Das ist wohl so ein Einzelrambo


----------



## Dirk Katzenschwanz (7 September 2018)

Das ist kein Einzelrambo, das ist ein juristischer Kamikaze-Möchtegernabzocker.

Bei dem gegenständlichen Strafrechtler scheitert es ja schon bei den einfachsten abmahnanwältlichen Fertigkeiten. Für so was braucht es keinen Anwaltskollegen, um sich seiner frechen Abmahnung zu erwehren.

Der Abmahnanwalt müsste ja *1.* darlegen können *wer* denn der Wettbewerber ist. Schon das scheint eine unüberweindbare Hürde für den Abmahnanwalt zu sein. *2.* Sollte der Abmahnanwalt darlegen, *worin* denn der angebliche Wettbewerbsvorteil liegt und *3.* warum sich dieser Wettbewerbsvorteil erst nach dem Inkraftteten der DSGVO auswirkt.

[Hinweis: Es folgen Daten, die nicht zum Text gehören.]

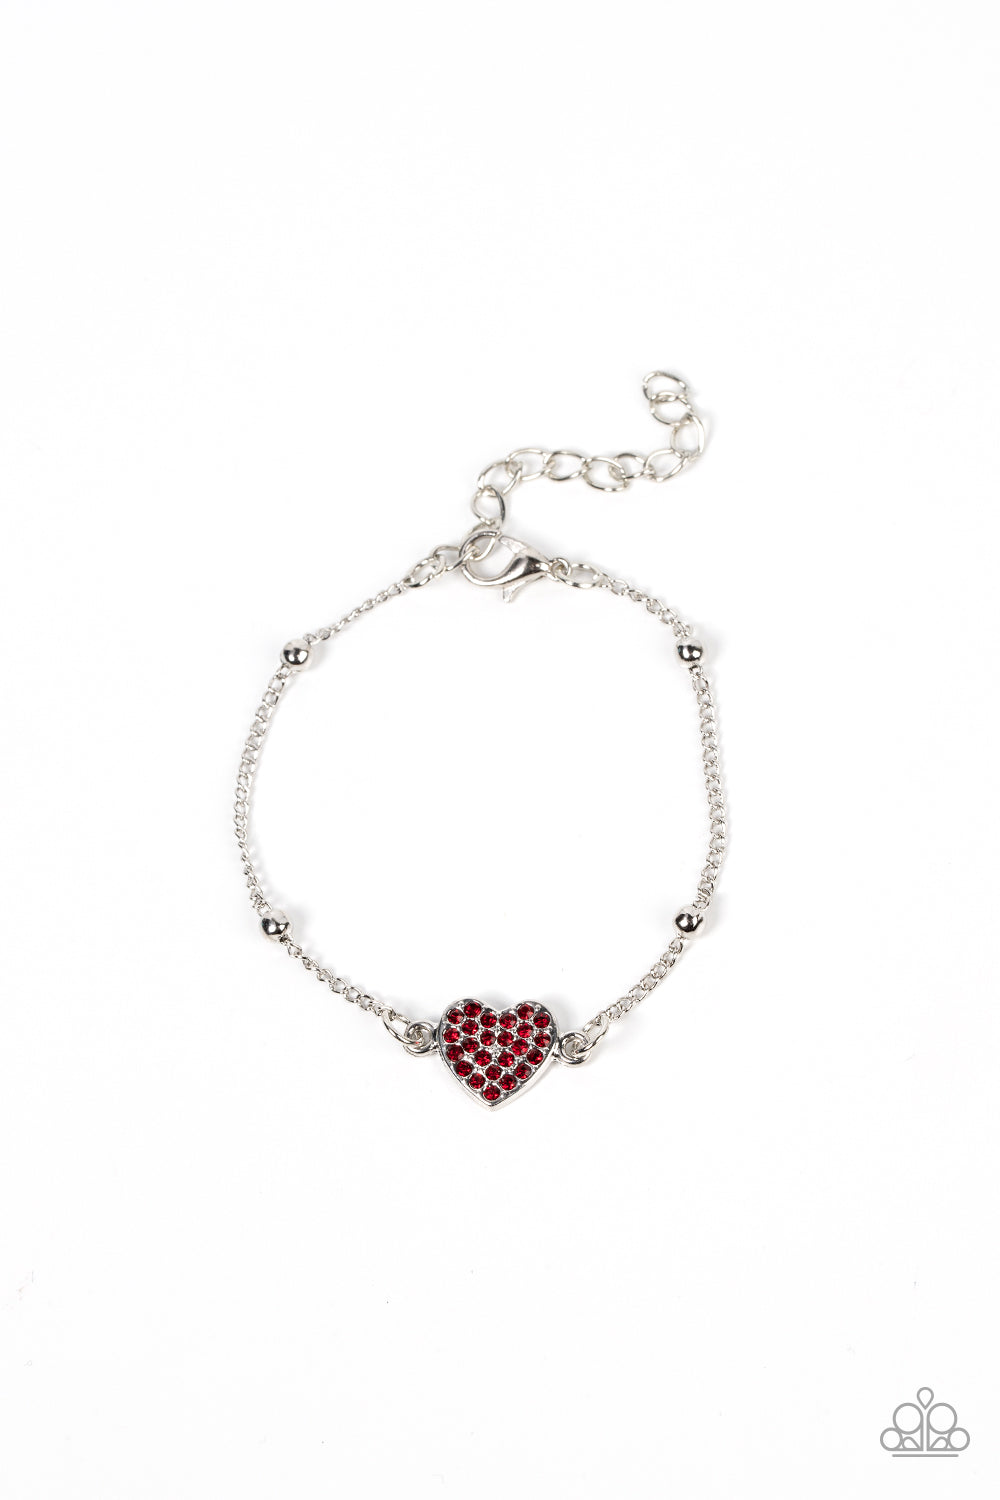 Paparazzi Bracelets - Heartachingly Adorable - Red

Im vorliegenden Fall kommt ja noch hinzu, dass die abgemahnte Webseite gar keine Daten erhebt und es schon von daher zu keinem Wettbewerbsverstoß kommen *kann*. 

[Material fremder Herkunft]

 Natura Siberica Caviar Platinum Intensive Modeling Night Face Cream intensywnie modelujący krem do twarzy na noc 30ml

Leider hat der Berufsstand der Rechtsanwälte die Möglichkeit der Selbstreinigung außer Kraft gesetzt, so dass solche Ärgernisse nicht einfach von ihrer Lizenz befreit werden können.


----------



## jupp11 (9 September 2018)

https://www.heise.de/newsticker/mel...fsichtsbehoerden-an-ihre-Grenzen-4158365.html


> Strengerer EU-Datenschutz bringt Aufsichtsbehörden an ihre Grenzen
> 
> Infolge der DSGVO wenden sich vermehrt Bürger an die Datenschutzbeauftragten von Bund und Ländern. Doch die halten die vorgegebenen Fristen nicht immer ein.


Was zu erwarten war...


----------



## jupp11 (27 September 2018)

https://www.heise.de/newsticker/meldung/Landgericht-Verstoesse-gegen-die-DSGVO-grundsaetzlich-abmahnbar-4176595.html


> Das LG Würzburg hat im Rahmen eines Beschlusses festgestellt, dass Verstöße gegen die DSGVO von einem Mitbewerber abgemahnt werden können.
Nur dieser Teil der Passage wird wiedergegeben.